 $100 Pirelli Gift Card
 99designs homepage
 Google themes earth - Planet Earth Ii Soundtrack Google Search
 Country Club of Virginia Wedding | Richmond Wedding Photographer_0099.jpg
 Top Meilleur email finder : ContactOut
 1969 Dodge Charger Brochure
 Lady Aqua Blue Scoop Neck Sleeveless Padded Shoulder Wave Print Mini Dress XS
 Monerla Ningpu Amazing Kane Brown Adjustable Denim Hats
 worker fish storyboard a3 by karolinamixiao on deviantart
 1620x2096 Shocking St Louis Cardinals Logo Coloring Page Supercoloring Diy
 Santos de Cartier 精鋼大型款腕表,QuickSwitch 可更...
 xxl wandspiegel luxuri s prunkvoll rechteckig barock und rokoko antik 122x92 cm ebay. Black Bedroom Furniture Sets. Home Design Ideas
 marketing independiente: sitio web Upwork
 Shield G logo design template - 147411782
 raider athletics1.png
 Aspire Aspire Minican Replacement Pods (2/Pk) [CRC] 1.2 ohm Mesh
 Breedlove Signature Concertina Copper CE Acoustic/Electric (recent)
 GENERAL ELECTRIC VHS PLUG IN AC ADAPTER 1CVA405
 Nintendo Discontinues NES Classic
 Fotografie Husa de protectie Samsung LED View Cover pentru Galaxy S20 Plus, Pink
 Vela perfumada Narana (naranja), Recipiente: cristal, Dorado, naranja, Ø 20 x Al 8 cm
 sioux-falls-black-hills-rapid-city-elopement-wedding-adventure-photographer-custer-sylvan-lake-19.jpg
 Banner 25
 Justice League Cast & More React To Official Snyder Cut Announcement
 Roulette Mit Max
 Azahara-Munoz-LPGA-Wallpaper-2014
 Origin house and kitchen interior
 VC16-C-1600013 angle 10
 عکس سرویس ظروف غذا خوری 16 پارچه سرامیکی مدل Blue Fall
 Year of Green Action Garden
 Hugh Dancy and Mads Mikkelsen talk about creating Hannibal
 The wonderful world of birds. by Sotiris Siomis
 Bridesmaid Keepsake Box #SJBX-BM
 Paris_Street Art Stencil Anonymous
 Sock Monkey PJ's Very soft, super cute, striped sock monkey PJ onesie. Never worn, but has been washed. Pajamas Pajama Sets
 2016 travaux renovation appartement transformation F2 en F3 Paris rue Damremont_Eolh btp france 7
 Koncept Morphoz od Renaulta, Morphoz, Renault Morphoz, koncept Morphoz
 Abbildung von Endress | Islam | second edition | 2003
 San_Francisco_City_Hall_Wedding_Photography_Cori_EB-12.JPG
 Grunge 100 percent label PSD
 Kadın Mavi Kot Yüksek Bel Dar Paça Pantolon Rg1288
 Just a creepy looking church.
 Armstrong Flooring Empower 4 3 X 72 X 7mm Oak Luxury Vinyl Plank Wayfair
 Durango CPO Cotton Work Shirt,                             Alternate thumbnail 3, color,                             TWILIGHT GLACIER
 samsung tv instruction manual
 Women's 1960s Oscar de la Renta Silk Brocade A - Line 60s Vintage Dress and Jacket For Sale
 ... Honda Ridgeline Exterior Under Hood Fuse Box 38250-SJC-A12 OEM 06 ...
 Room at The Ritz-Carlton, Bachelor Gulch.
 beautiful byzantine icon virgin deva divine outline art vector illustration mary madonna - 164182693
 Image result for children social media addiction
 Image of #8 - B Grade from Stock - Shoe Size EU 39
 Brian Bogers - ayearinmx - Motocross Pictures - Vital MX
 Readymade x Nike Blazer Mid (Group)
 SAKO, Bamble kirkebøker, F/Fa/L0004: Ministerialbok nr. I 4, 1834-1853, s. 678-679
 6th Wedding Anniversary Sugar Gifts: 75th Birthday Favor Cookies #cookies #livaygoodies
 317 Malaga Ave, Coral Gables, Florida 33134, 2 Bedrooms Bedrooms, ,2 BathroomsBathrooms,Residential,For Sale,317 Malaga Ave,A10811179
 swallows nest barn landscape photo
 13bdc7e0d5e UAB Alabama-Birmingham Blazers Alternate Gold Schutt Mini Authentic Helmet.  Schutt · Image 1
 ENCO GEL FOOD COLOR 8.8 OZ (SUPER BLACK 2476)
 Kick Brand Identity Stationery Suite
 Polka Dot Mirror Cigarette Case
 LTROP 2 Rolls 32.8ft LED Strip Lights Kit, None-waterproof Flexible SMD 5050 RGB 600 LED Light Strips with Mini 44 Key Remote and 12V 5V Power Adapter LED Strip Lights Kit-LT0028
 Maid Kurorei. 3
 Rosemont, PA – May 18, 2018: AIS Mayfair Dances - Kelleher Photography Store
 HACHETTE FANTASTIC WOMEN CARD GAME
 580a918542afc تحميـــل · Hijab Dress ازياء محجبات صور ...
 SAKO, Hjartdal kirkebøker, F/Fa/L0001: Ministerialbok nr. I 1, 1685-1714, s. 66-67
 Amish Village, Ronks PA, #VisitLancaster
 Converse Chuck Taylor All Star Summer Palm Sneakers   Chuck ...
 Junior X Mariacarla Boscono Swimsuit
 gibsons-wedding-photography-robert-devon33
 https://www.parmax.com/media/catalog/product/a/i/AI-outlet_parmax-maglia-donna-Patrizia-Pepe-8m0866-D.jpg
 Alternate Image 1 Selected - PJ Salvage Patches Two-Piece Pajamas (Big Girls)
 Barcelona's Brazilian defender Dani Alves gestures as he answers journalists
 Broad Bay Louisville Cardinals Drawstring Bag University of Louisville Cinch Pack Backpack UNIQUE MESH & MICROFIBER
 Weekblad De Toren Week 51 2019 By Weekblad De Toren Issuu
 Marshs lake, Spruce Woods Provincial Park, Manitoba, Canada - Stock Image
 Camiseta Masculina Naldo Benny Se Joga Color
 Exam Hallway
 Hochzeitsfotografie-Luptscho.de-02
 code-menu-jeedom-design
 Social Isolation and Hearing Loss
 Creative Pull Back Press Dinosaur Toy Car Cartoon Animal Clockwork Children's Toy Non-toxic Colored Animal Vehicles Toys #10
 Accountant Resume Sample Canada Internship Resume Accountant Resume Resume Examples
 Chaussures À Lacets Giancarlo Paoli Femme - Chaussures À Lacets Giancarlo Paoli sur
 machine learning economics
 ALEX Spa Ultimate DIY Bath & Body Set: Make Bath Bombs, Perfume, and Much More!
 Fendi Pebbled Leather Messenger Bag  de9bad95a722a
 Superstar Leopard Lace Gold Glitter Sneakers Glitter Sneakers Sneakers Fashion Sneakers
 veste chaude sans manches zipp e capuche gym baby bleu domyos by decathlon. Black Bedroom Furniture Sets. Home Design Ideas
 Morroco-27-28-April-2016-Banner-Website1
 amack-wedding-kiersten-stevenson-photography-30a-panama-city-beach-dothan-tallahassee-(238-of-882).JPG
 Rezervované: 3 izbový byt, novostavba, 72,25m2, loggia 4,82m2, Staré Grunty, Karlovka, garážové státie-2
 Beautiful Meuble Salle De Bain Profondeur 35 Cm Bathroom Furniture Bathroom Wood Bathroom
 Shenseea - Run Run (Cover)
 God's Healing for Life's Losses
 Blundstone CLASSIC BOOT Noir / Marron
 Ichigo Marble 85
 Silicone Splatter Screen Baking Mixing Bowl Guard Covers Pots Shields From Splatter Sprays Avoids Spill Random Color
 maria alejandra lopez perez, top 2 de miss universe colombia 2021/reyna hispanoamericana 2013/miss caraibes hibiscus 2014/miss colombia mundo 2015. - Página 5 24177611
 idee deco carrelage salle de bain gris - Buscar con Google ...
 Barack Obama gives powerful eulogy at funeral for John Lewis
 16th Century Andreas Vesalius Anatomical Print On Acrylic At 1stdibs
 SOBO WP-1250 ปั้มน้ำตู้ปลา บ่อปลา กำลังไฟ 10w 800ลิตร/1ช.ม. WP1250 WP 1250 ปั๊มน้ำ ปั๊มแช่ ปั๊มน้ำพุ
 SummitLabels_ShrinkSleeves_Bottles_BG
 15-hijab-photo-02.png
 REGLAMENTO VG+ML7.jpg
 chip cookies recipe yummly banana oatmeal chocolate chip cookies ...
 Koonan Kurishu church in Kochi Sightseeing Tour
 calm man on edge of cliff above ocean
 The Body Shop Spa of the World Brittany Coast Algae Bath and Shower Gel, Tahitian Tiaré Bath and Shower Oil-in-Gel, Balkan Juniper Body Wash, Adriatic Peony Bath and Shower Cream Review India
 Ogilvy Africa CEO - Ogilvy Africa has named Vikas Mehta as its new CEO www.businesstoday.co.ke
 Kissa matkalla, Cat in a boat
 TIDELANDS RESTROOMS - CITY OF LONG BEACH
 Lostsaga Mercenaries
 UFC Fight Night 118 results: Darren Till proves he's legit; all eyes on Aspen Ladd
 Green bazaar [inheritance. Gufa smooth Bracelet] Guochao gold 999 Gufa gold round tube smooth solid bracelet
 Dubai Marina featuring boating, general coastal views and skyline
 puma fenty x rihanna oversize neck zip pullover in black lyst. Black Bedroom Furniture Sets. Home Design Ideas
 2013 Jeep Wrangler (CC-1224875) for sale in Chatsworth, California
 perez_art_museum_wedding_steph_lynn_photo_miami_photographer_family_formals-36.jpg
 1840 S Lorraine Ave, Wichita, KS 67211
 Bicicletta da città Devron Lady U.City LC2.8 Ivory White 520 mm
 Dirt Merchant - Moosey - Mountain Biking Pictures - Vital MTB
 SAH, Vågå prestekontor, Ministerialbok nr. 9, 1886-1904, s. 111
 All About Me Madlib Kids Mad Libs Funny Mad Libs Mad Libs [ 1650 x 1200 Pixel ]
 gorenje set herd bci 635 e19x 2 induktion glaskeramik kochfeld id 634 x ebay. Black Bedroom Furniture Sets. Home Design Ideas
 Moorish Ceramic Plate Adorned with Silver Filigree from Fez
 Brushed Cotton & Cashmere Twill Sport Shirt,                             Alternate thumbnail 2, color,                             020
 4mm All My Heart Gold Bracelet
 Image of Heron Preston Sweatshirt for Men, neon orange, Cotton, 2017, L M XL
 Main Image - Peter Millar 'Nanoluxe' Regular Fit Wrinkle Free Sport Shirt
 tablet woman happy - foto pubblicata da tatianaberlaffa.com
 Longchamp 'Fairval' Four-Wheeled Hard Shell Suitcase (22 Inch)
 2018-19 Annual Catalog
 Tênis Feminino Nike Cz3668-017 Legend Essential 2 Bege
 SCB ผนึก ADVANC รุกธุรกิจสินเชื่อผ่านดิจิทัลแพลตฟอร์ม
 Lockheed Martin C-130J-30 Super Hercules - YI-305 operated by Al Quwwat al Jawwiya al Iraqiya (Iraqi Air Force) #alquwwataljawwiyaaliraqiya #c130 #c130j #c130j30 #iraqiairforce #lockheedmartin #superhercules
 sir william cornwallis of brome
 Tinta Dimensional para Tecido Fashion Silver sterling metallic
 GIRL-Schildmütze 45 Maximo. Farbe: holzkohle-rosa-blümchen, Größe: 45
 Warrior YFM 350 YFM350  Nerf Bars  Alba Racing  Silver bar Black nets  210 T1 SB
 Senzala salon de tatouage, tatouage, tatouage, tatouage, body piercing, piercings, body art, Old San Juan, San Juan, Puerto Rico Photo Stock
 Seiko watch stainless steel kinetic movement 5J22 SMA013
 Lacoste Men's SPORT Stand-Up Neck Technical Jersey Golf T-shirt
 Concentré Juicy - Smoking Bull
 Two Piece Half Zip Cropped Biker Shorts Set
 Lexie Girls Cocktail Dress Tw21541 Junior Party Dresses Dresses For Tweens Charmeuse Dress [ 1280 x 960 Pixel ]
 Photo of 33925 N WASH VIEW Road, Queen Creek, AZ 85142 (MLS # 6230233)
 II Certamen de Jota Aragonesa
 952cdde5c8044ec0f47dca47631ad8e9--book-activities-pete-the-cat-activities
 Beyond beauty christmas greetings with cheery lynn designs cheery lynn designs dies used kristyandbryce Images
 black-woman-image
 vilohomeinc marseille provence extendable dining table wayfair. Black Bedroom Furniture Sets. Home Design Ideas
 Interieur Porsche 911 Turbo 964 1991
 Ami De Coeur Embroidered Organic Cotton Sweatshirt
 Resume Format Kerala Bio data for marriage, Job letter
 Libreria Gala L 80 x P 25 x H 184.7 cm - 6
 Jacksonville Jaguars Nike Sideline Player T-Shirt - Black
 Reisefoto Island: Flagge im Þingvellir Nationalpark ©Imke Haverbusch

§

DIRECTIONS |
Lines after the one containing "Origin house and kitchen interior" are not part of the task. Output the entries exactly from their first line through that one.

ANSWER SPACE |
 $100 Pirelli Gift Card
 99designs homepage
 Google themes earth - Planet Earth Ii Soundtrack Google Search
 Country Club of Virginia Wedding | Richmond Wedding Photographer_0099.jpg
 Top Meilleur email finder : ContactOut
 1969 Dodge Charger Brochure
 Lady Aqua Blue Scoop Neck Sleeveless Padded Shoulder Wave Print Mini Dress XS
 Monerla Ningpu Amazing Kane Brown Adjustable Denim Hats
 worker fish storyboard a3 by karolinamixiao on deviantart
 1620x2096 Shocking St Louis Cardinals Logo Coloring Page Supercoloring Diy
 Santos de Cartier 精鋼大型款腕表,QuickSwitch 可更...
 xxl wandspiegel luxuri s prunkvoll rechteckig barock und rokoko antik 122x92 cm ebay. Black Bedroom Furniture Sets. Home Design Ideas
 marketing independiente: sitio web Upwork
 Shield G logo design template - 147411782
 raider athletics1.png
 Aspire Aspire Minican Replacement Pods (2/Pk) [CRC] 1.2 ohm Mesh
 Breedlove Signature Concertina Copper CE Acoustic/Electric (recent)
 GENERAL ELECTRIC VHS PLUG IN AC ADAPTER 1CVA405
 Nintendo Discontinues NES Classic
 Fotografie Husa de protectie Samsung LED View Cover pentru Galaxy S20 Plus, Pink
 Vela perfumada Narana (naranja), Recipiente: cristal, Dorado, naranja, Ø 20 x Al 8 cm
 sioux-falls-black-hills-rapid-city-elopement-wedding-adventure-photographer-custer-sylvan-lake-19.jpg
 Banner 25
 Justice League Cast & More React To Official Snyder Cut Announcement
 Roulette Mit Max
 Azahara-Munoz-LPGA-Wallpaper-2014
 Origin house and kitchen interior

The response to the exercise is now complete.